Pictures stay out of the answer, but every line of the material must be restated exactly.

[Source data]
-.-.-

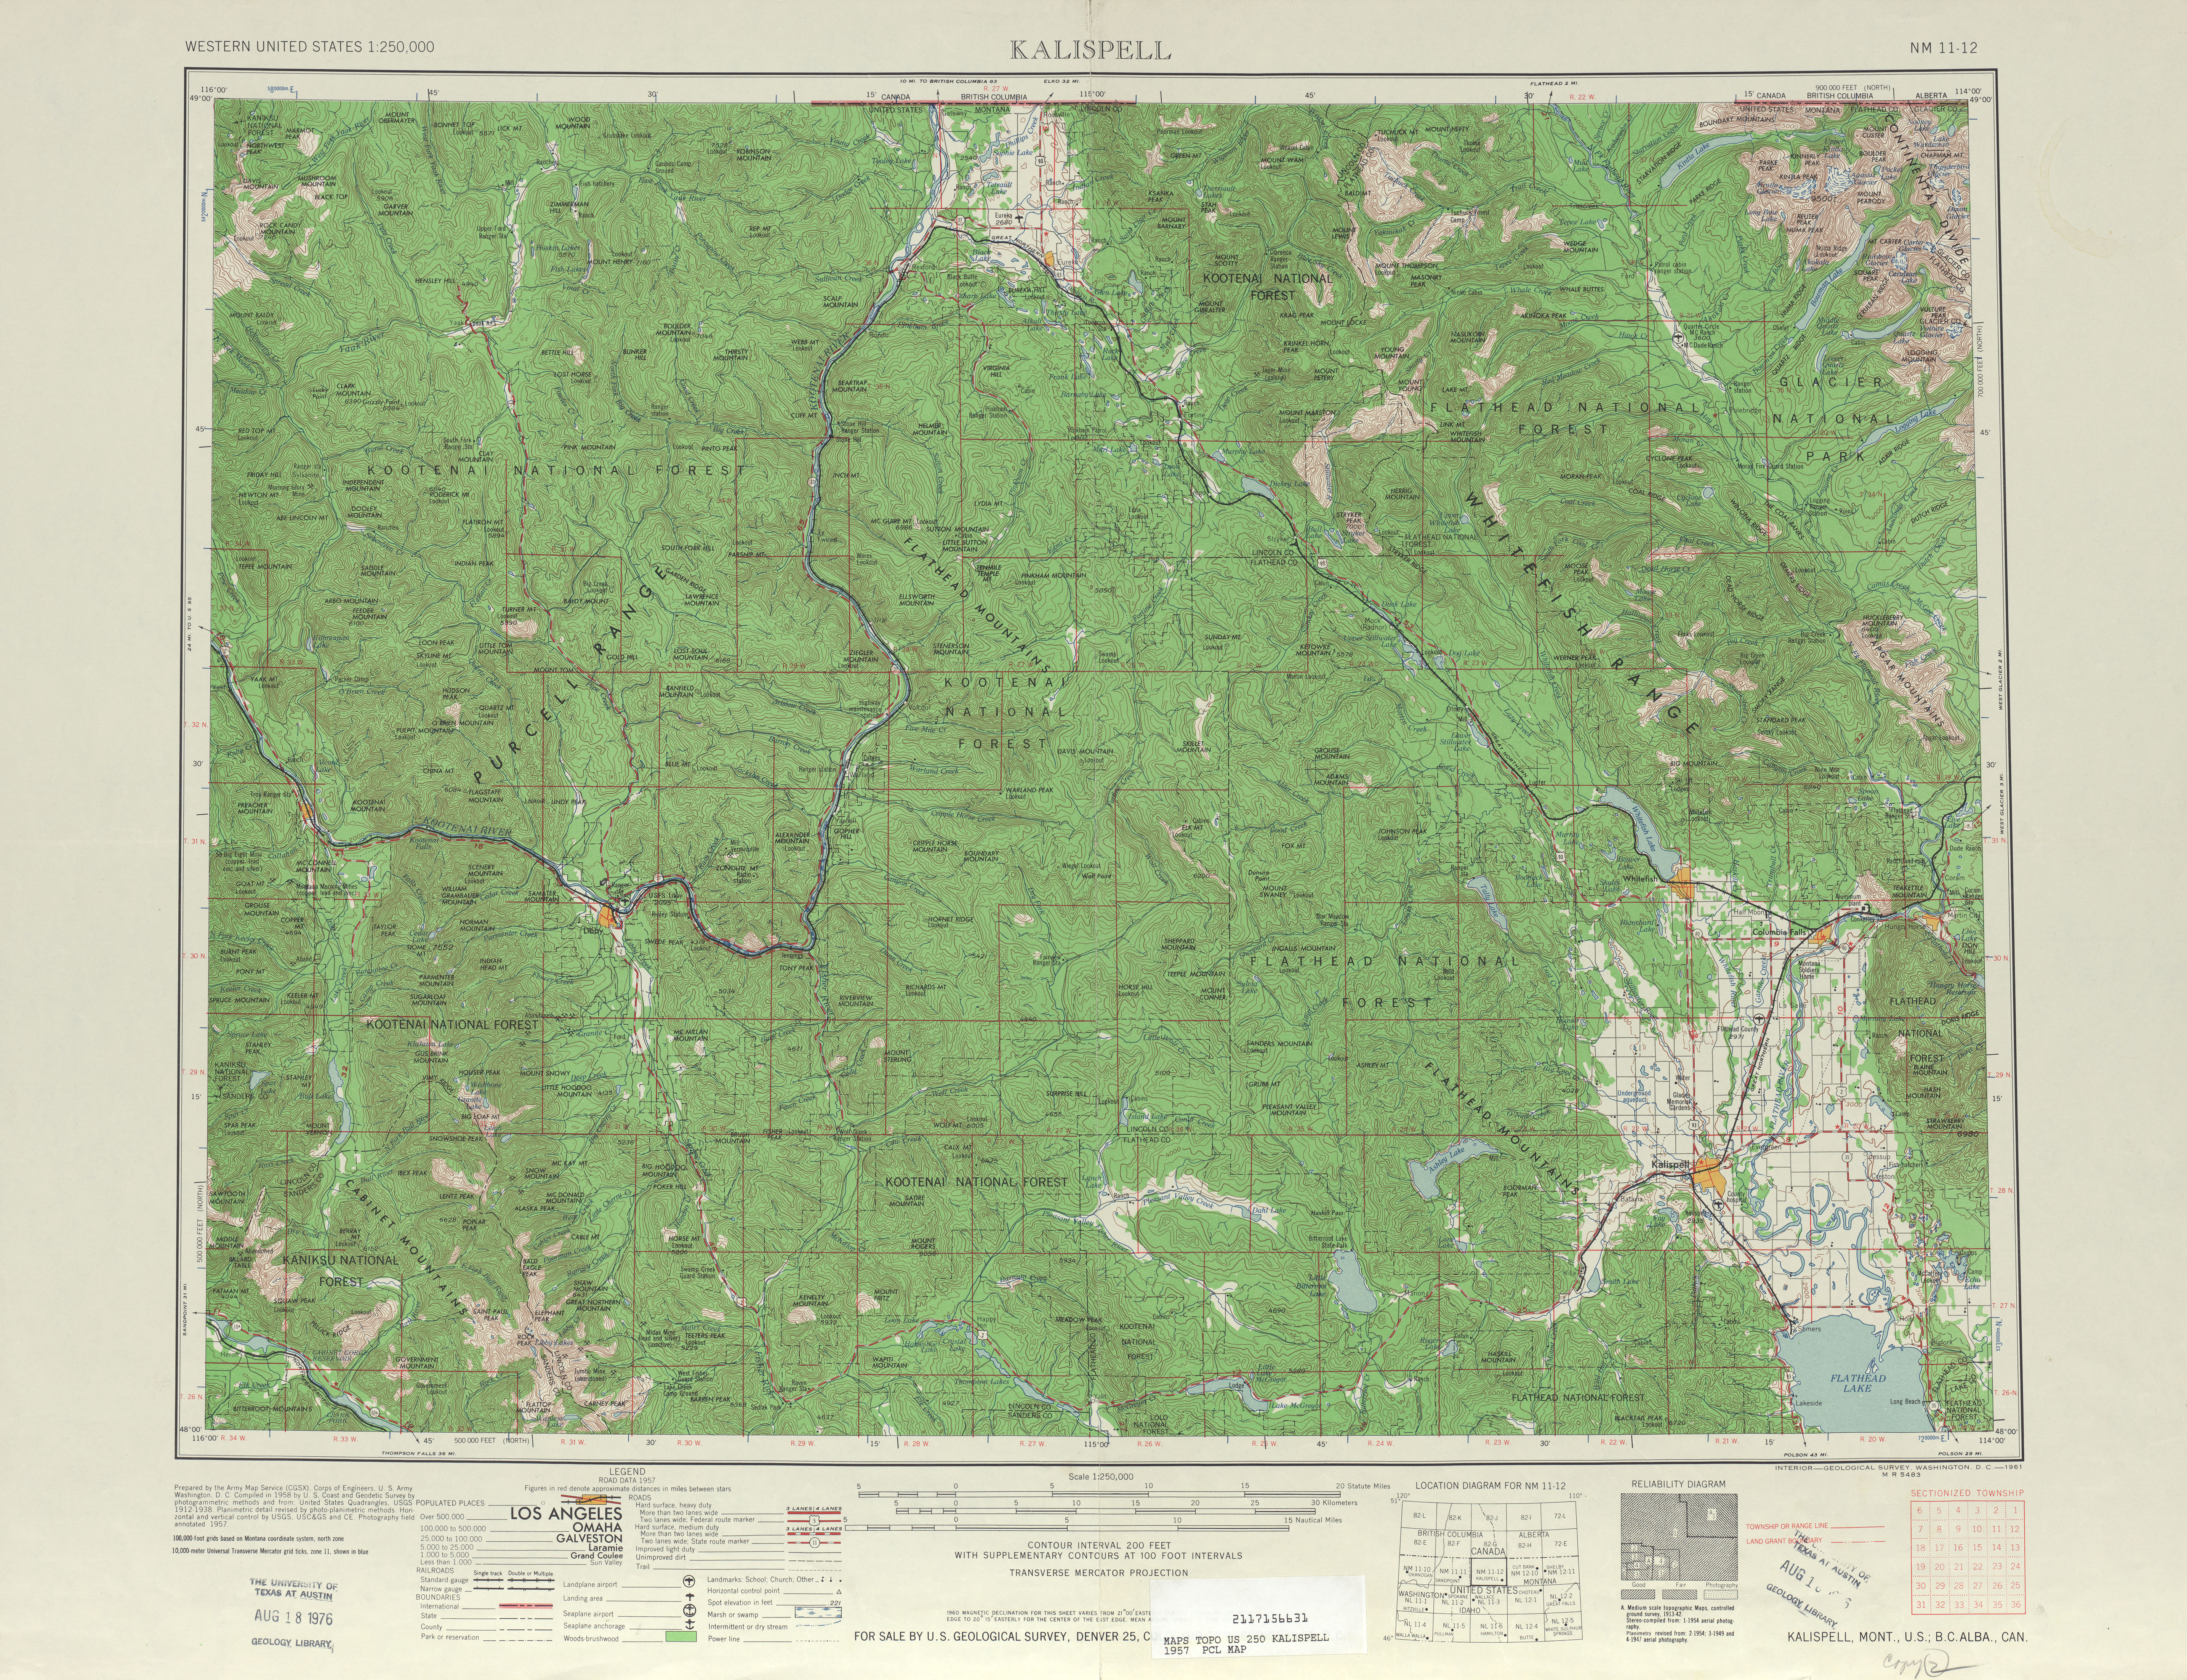 Hoja Kalispell del Mapa Topográfico de los Estados Unidos 1957
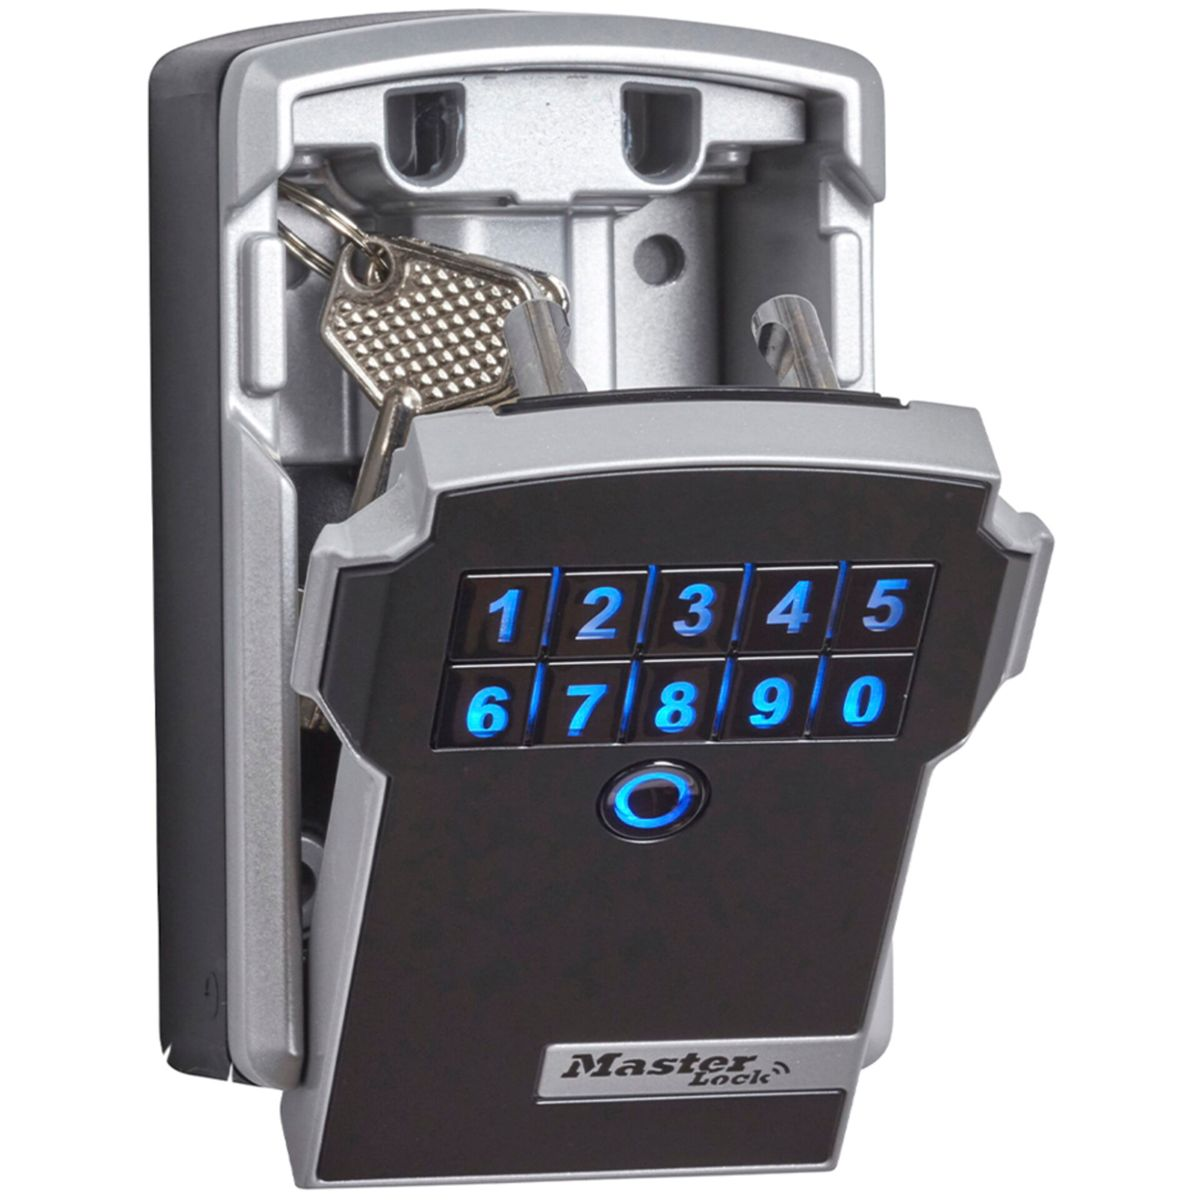 Schlüsseltresor grau Schlüsselkasten grau MASTERLOCK / 5441EURD schwarz Master schwarz Bluetooth Lock
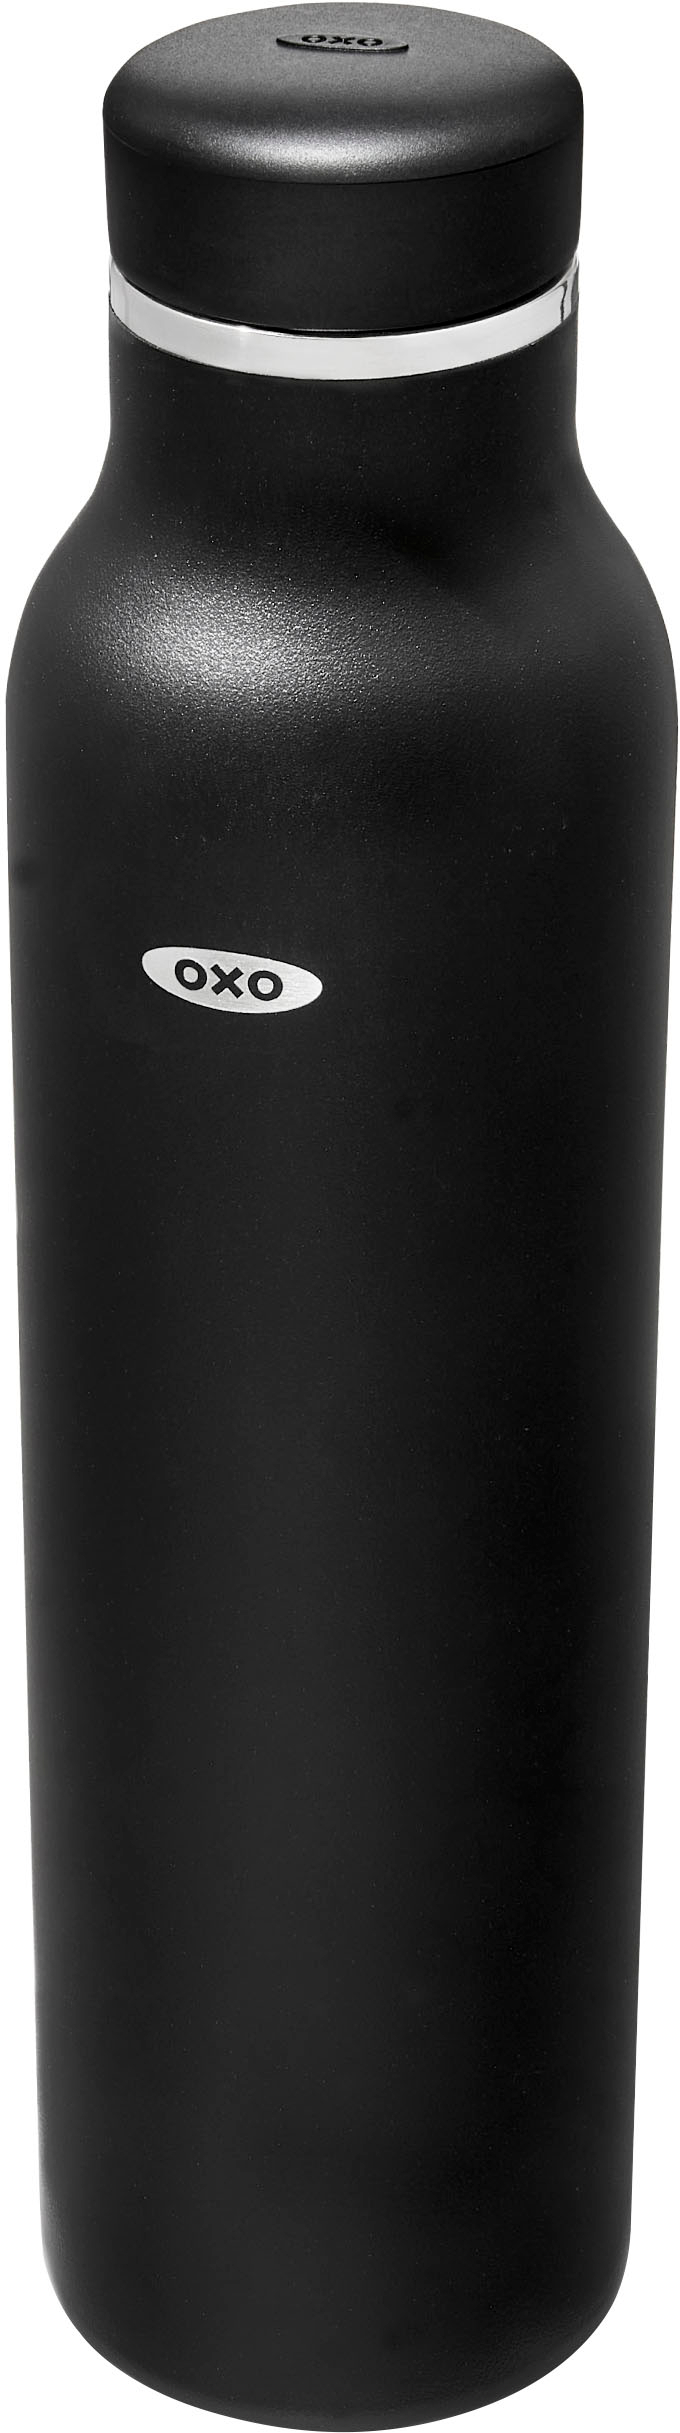 Oxo Strive Advance Bottle

-.-.-

[Problem solution]
 Hoja Kalispell del Mapa Topográfico de los Estados Unidos 1957
 Schlüsseltresor grau Schlüsselkasten grau MASTERLOCK / 5441EURD schwarz Master schwarz Bluetooth Lock
 Oxo Strive Advance Bottle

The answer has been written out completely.